Description
There is no method in TensorRT Python API for setting a particular DLA core for inference?
Environment
TensorRT Version: 7.1.3.4
GPU Type: Jetson Xavier NX
Nvidia Driver Version: JatPack-4.4
CUDA Version: 10.2
CUDNN Version: 8.0
Python Version (if applicable): 3.6
Baremetal or Container (if container which image + tag): baremetal
Steps To Reproduce
According to official documentation, there are TensorRT C++ API functions for checking whether DLA cores are available, as well as setting a particular DLA core for inference. However, there is no such functions in the Python API?

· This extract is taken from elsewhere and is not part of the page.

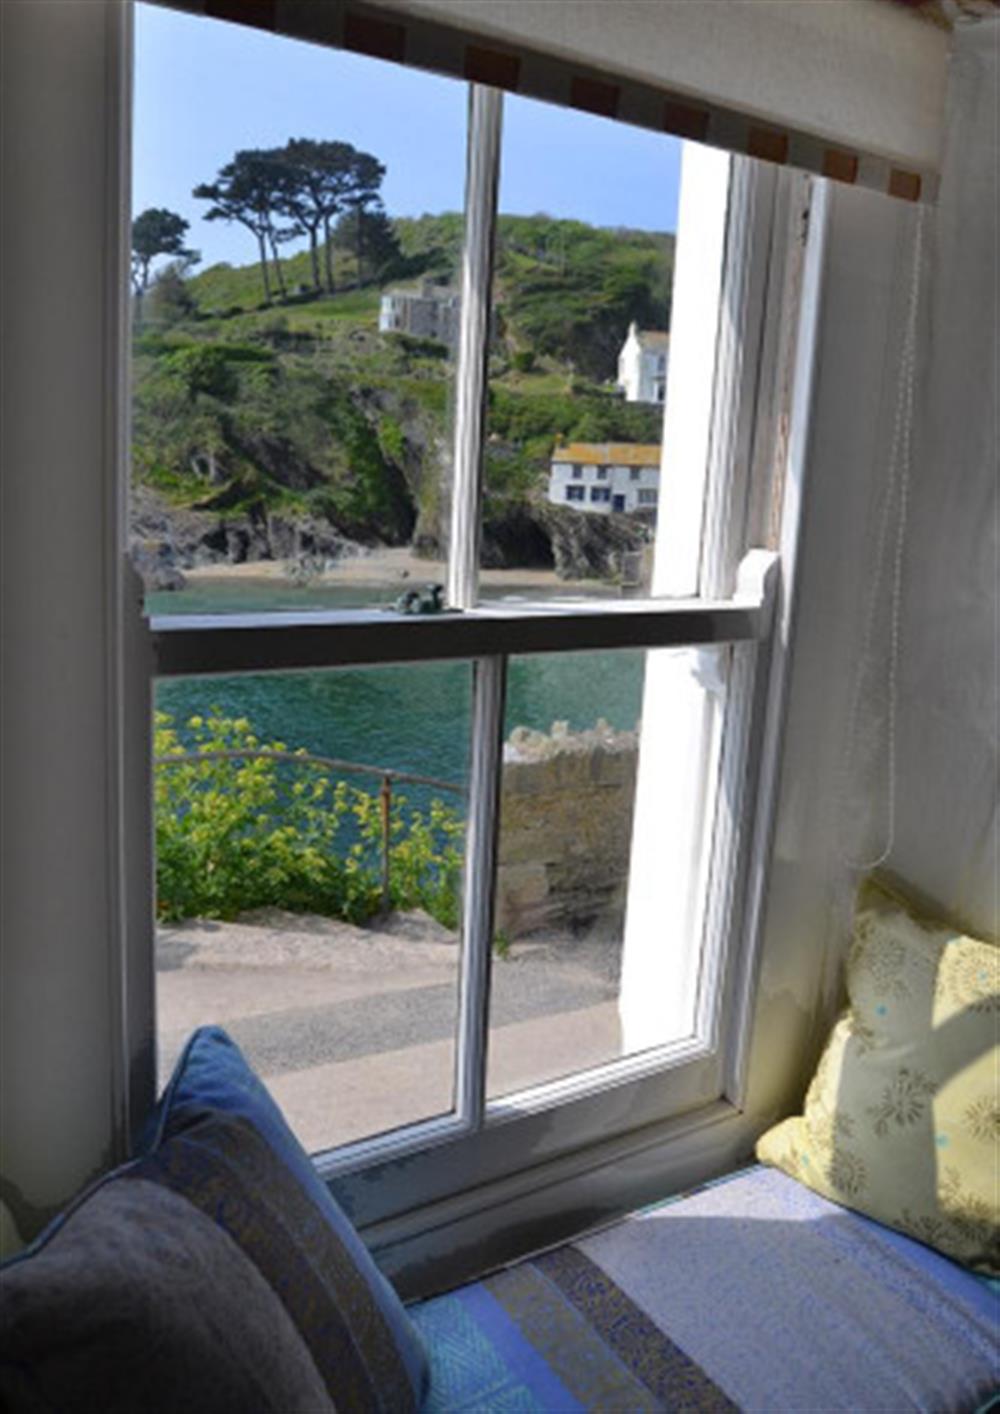 The beach, seen through the dining room window at The Cobbles in Polperro

I tried the following with python3 on Jetson Xavier NX (TensorRT 7.1.3.4):
>>> import tensorrt as trt
>>> logger = trt.Logger(trt.Logger.VERBOSE)
>>> runtime = trt.Runtime(logger)
>>> dir(runtime)
['__class__', '__del__', '__delattr__', '__dir__', '__doc__', '__enter__', '__eq__', '__exit__', '__format__', '__ge__', '__getattribute__', '__gt__', '__hash__', '__init__', '__init_subclass__', '__le__', '__lt__', '__module__', '__ne__', '__new__', '__reduce__', '__reduce_ex__', '__repr__', '__setattr__', '__sizeof__', '__str__', '__subclasshook__', 'deserialize_cuda_engine', 'gpu_allocator']
>>> with open('yolov3-dla0-608.trt', 'rb') as f:
... engine = runtime.deserialize_cuda_engine(f.read())
...
[TensorRT] VERBOSE: Deserialize required 900134 microseconds.
>>> dir(engine)
['__class__', '__del__', '__delattr__', '__dir__', '__doc__', '__enter__', '__eq__', '__exit__', '__format__', '__ge__', '__getattribute__', '__getitem__', '__gt__', '__hash__', '__init__', '__init_subclass__', '__le__', '__len__', '__lt__', '__module__', '__ne__', '__new__', '__reduce__', '__reduce_ex__', '__repr__', '__setattr__', '__sizeof__', '__str__',
'__subclasshook__', 'binding_is_input', 'create_execution_context', 'create_execution_context_without_device_memory', 'device_memory_size', 'get_binding_bytes_per_component', 'get_binding_components_per_element', 'get_binding_dtype', 'get_binding_format', 'get_binding_format_desc', 'get_binding_index', 'get_binding_name', 'get_binding_shape', 'get_binding_vectorized_dim', 'get_location', 'get_profile_shape', 'get_profile_shape_input', 'has_implicit_batch_dimension', 'is_execution_binding', 'is_shape_binding', 'max_batch_size', 'max_workspace_size', 'name', 'num_bindings', 'num_layers', 'num_optimization_profiles', 'refittable', 'serialize']
>>> context = engine.create_execution_context()
>>> dir(context)
['__class__', '__del__', '__delattr__', '__dir__', '__doc__', '__enter__', '__eq__', '__exit__', '__format__', '__ge__', '__getattribute__', '__gt__', '__hash__', '__init__', '__init_subclass__', '__le__', '__lt__', '__module__', '__ne__', '__new__', '__reduce__', '__reduce_ex__', '__repr__', '__setattr__', '__sizeof__', '__str__', '__subclasshook__', 'active_optimization_profile', 'all_binding_shapes_specified', 'all_shape_inputs_specified', 'debug_sync', 'device_memory', 'engine', 'execute', 'execute_async', 'execute_async_v2', 'execute_v2', 'get_binding_shape', 'get_shape', 'get_strides', 'name', 'profiler', 'set_binding_shape', 'set_shape_input']
>>>
So neither of the “tensorrt.Runtime”, “tensorrt.ICudaEngine” or “tensorrt.IExecutionContext” classes provides any API for setting DLA core for inferencing (for a deserialzed TensorRT engine). How do I make sure the deserialzed TensorRT engine is running on a DLA core, or on DLA core #1 vs. #0??